*Data extract*:
--------------------------------------------------
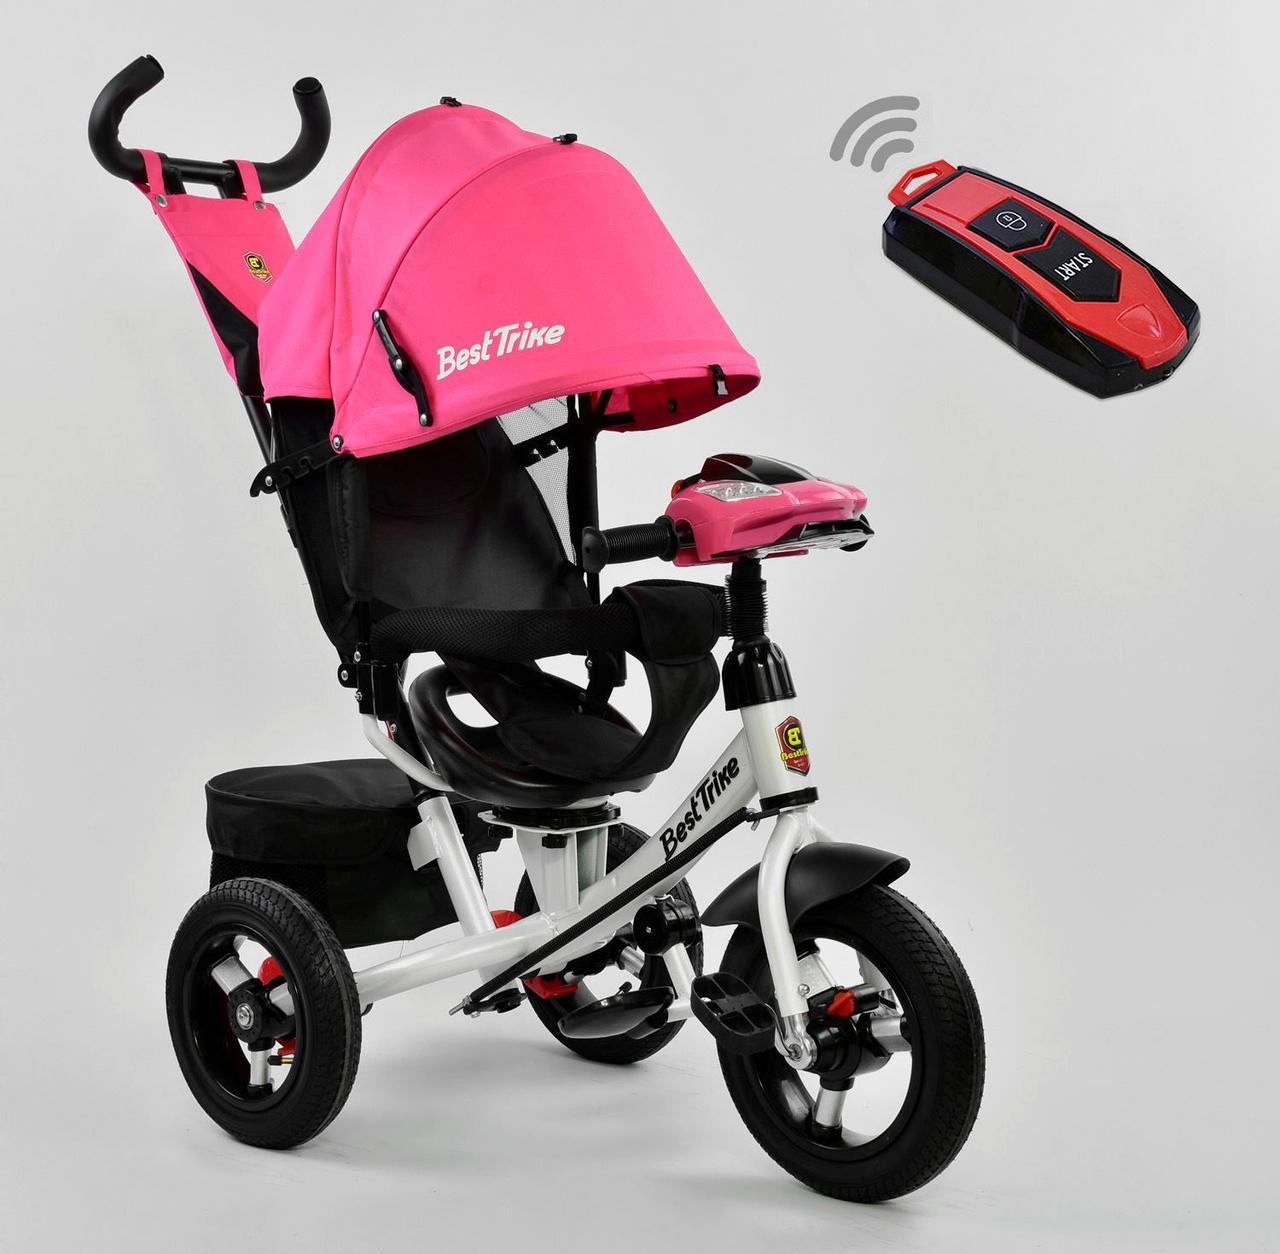 Bелосипед трехколесный Best Trike 7700 В - 5151 с надувными колесами Розовый 75092
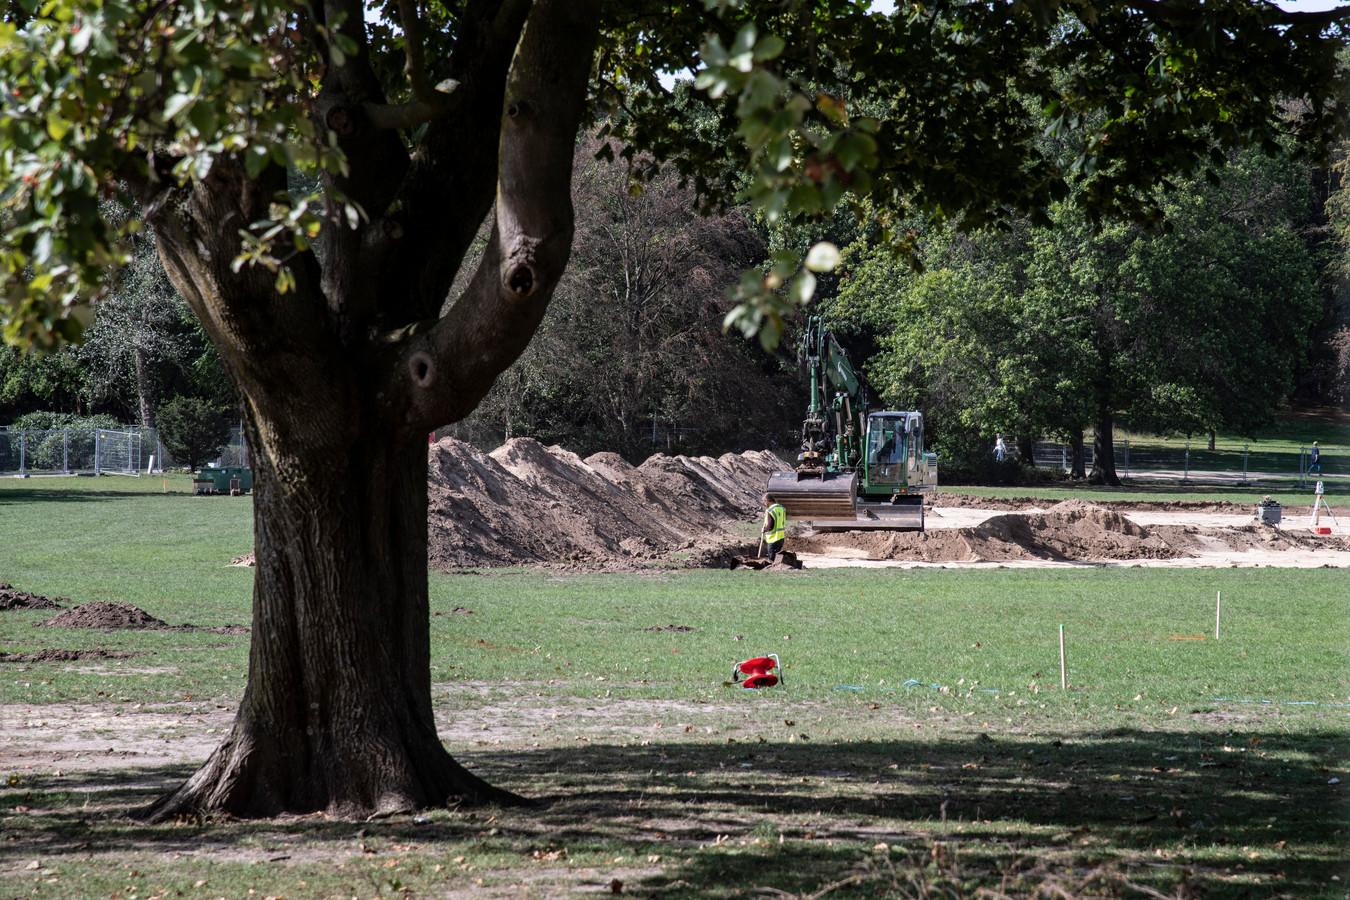 HetGoffertpark wordt vrij van explosieven gemaakt nadat eerder bij een concert van Guns N' Roses een granaat werd gevonden.
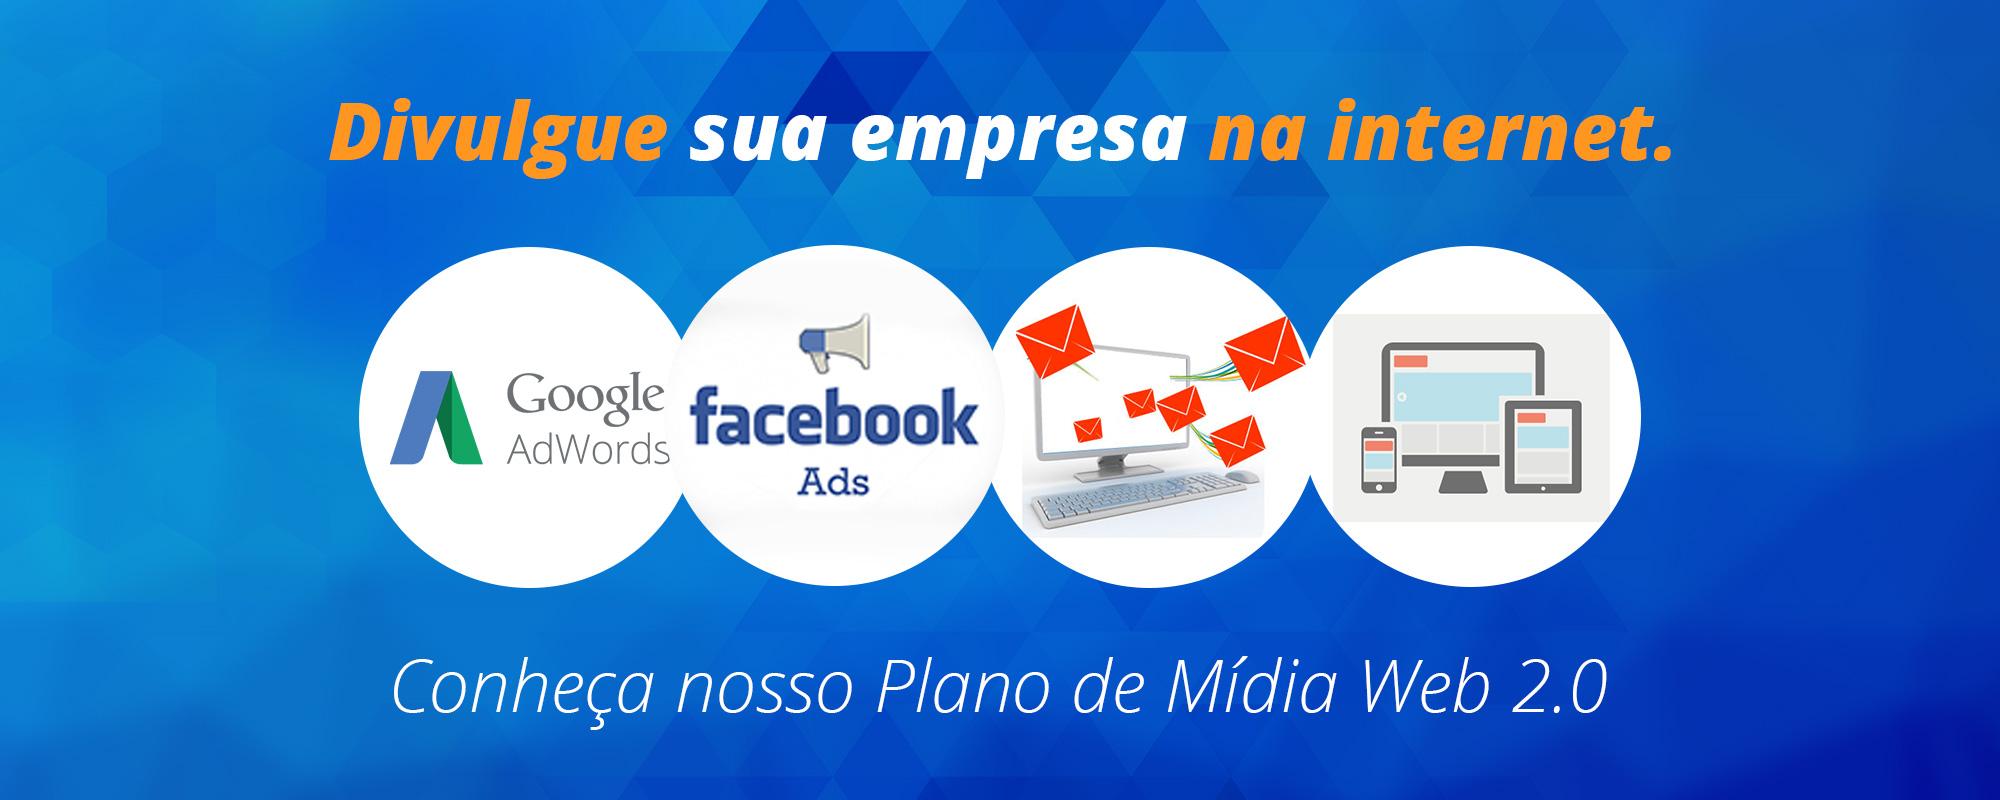 Marketing Digital - Gerencia de redes sociais
--------------------------------------------------
*What you will do*: In your reply, please print exactly the lines from the one with "HetGoffertpark wordt vrij" through the final line of the listing above, both included, and no pictures.

*Solution below*:
 HetGoffertpark wordt vrij van explosieven gemaakt nadat eerder bij een concert van Guns N' Roses een granaat werd gevonden.
 Marketing Digital - Gerencia de redes sociais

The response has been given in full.